EXERCISE DETAILS: Reproduce the listing that follows in full. Omit its images.

DATA:
::::

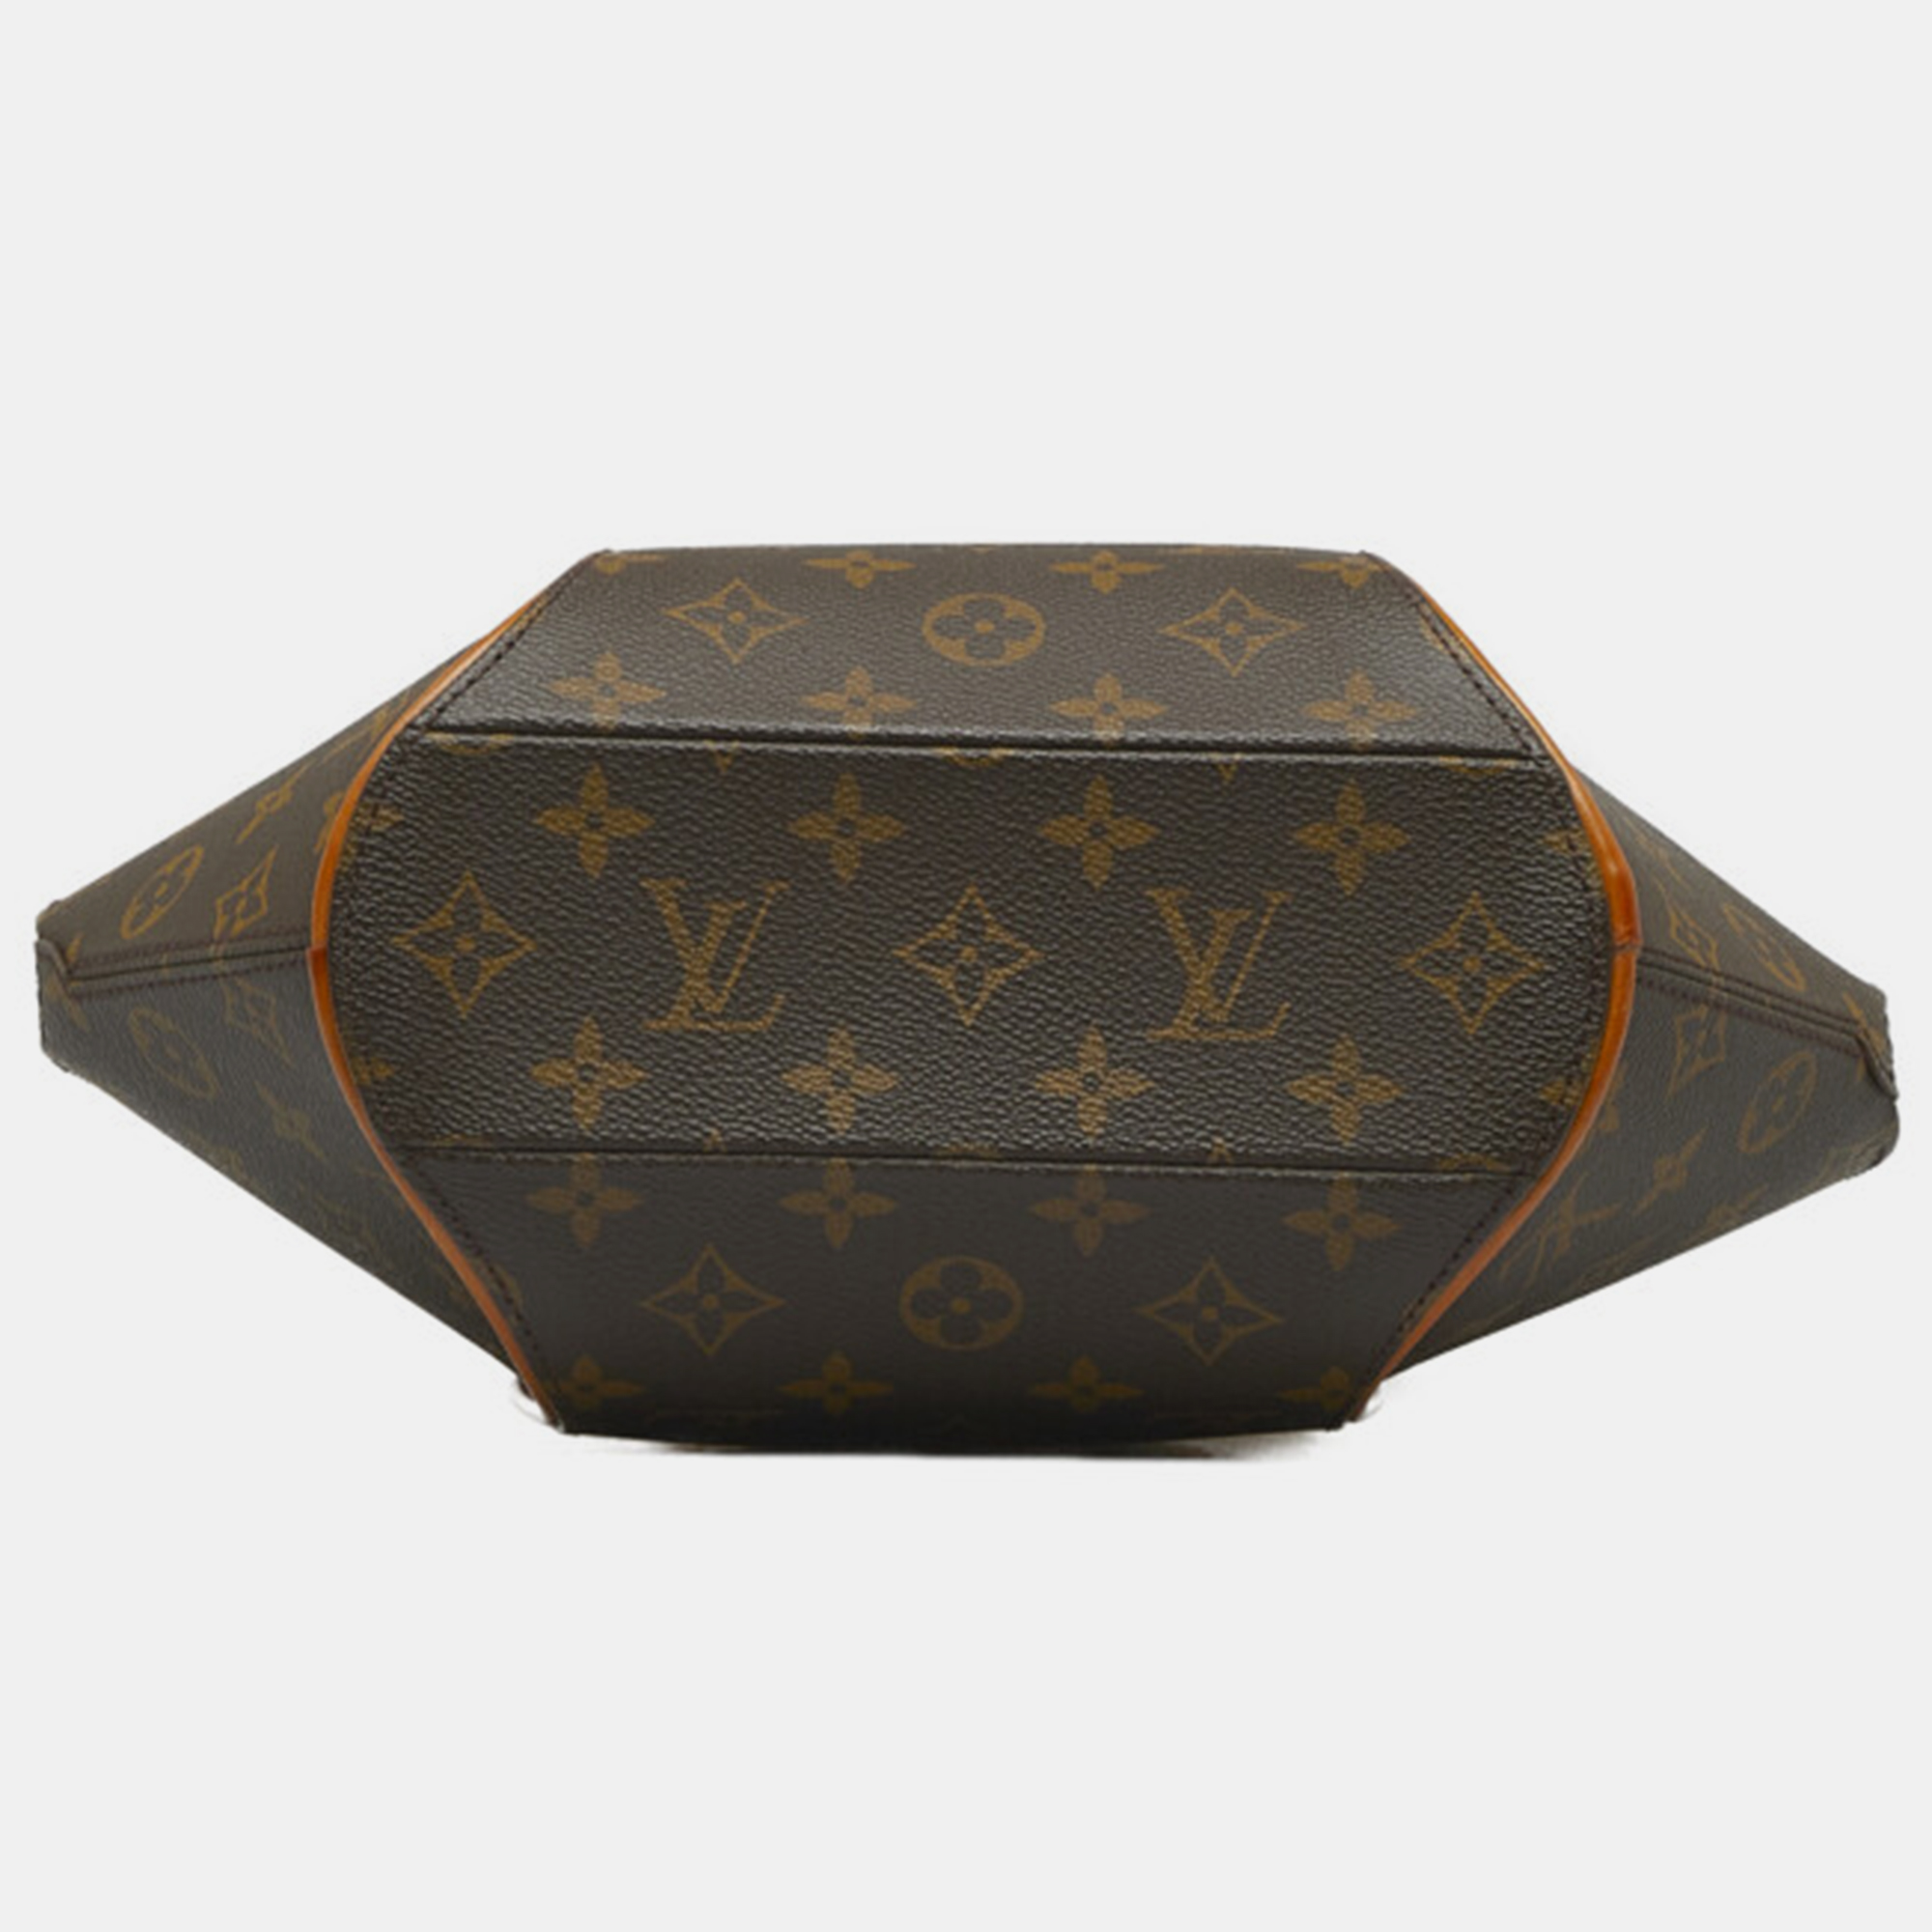 Louis Vuitton Brown Canvas Monogram Ellipse PM Bag
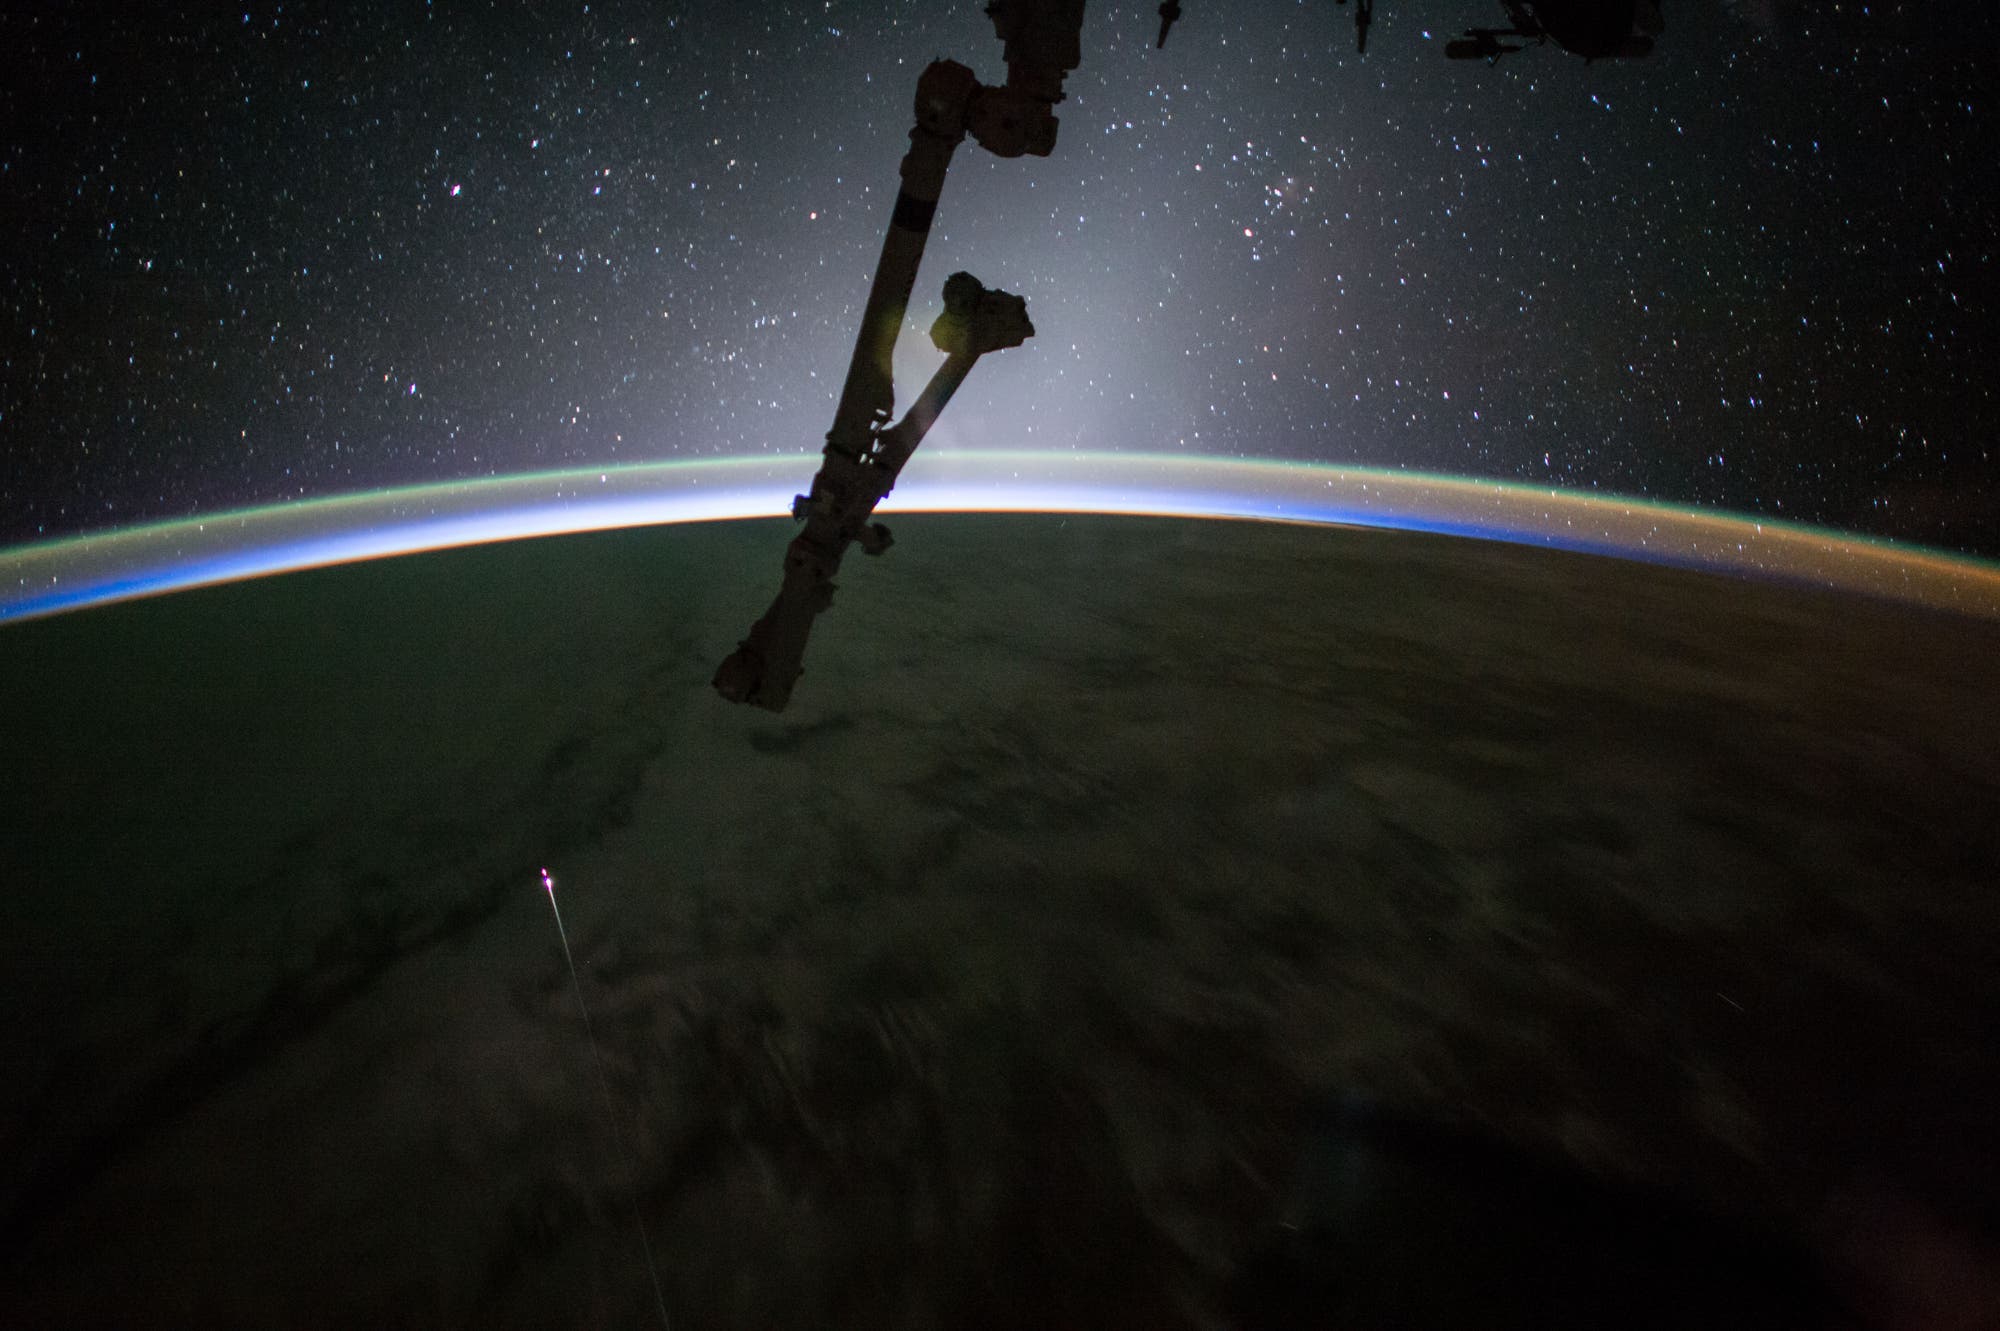 Die feurige Rückkehr der Raumkapsel Dragon am 3. Juli 2017, gesehen von der ISS
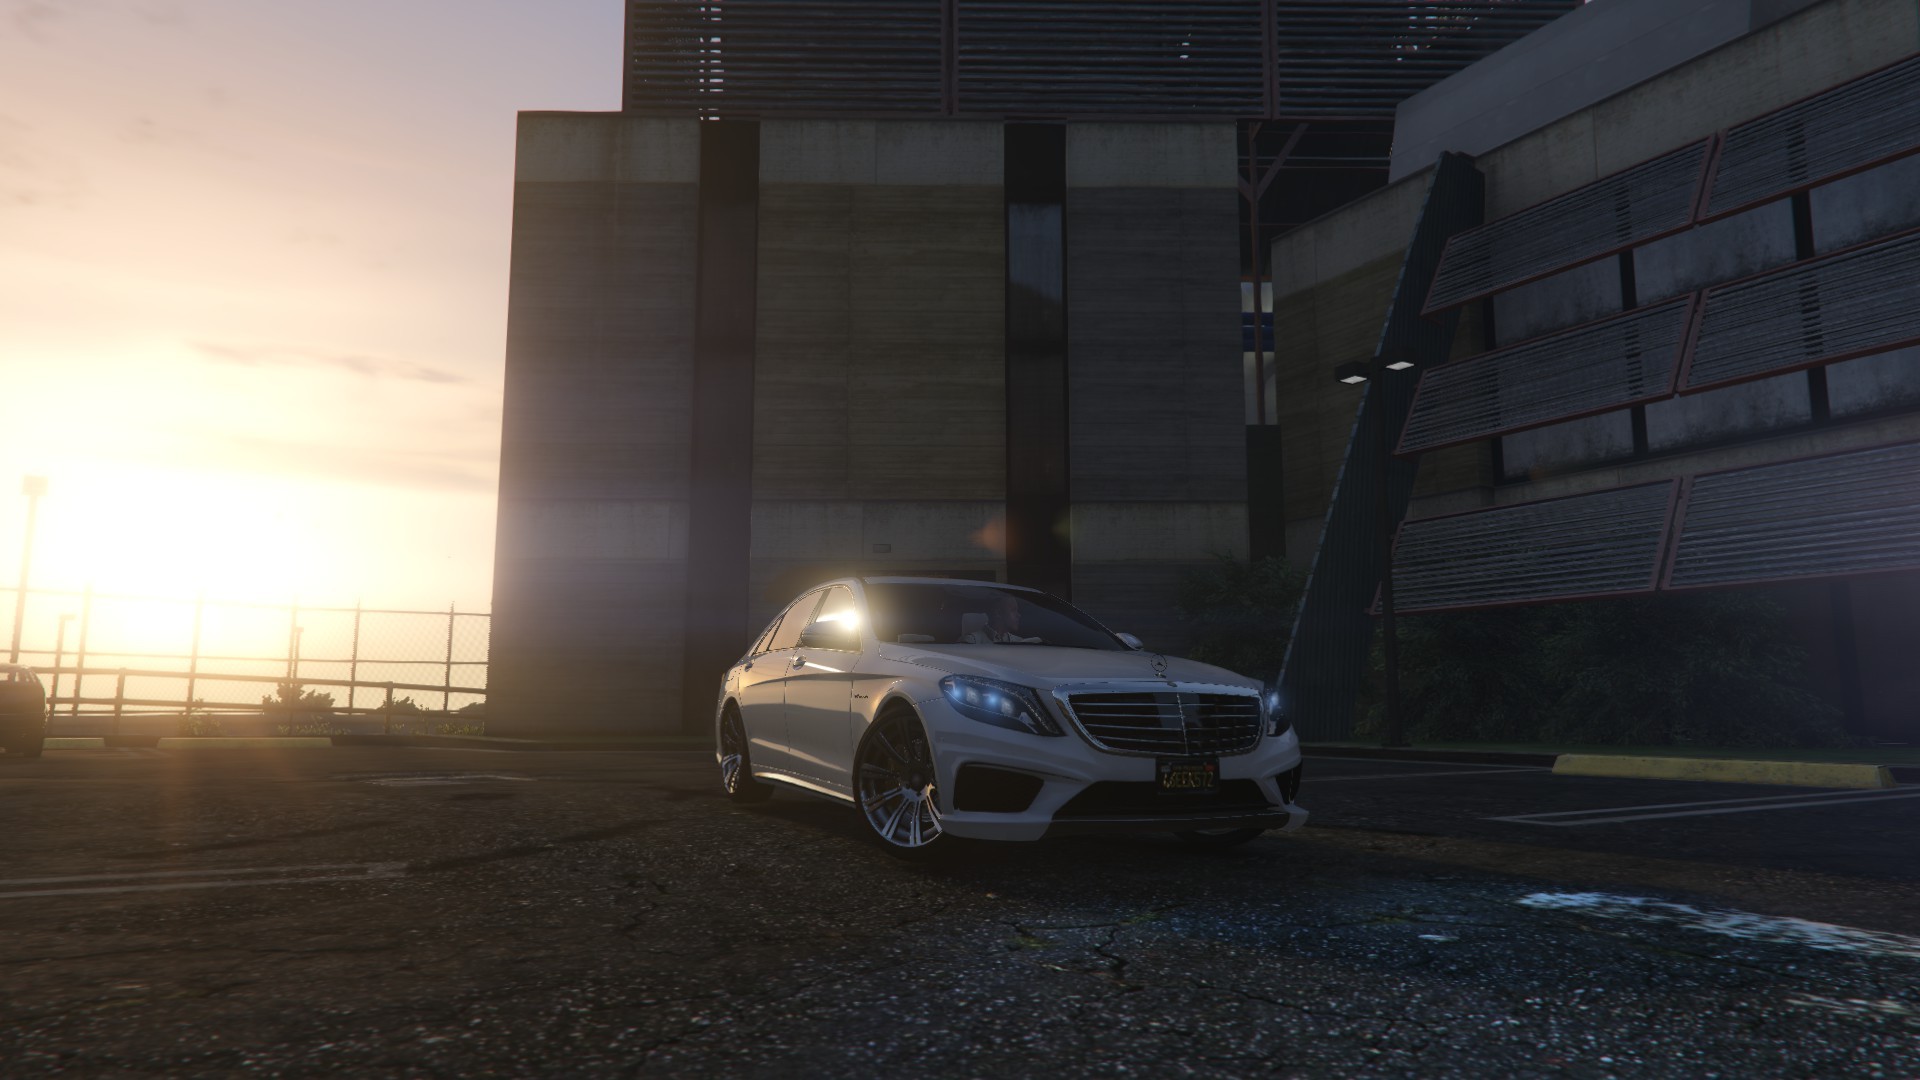 General 1920x1080 Grand Theft Auto V sunlight Mercedes-Benz video games car Rockstar Games

::::

ANSWER AREA:
 Louis Vuitton Brown Canvas Monogram Ellipse PM Bag
 Die feurige Rückkehr der Raumkapsel Dragon am 3. Juli 2017, gesehen von der ISS
 General 1920x1080 Grand Theft Auto V sunlight Mercedes-Benz video games car Rockstar Games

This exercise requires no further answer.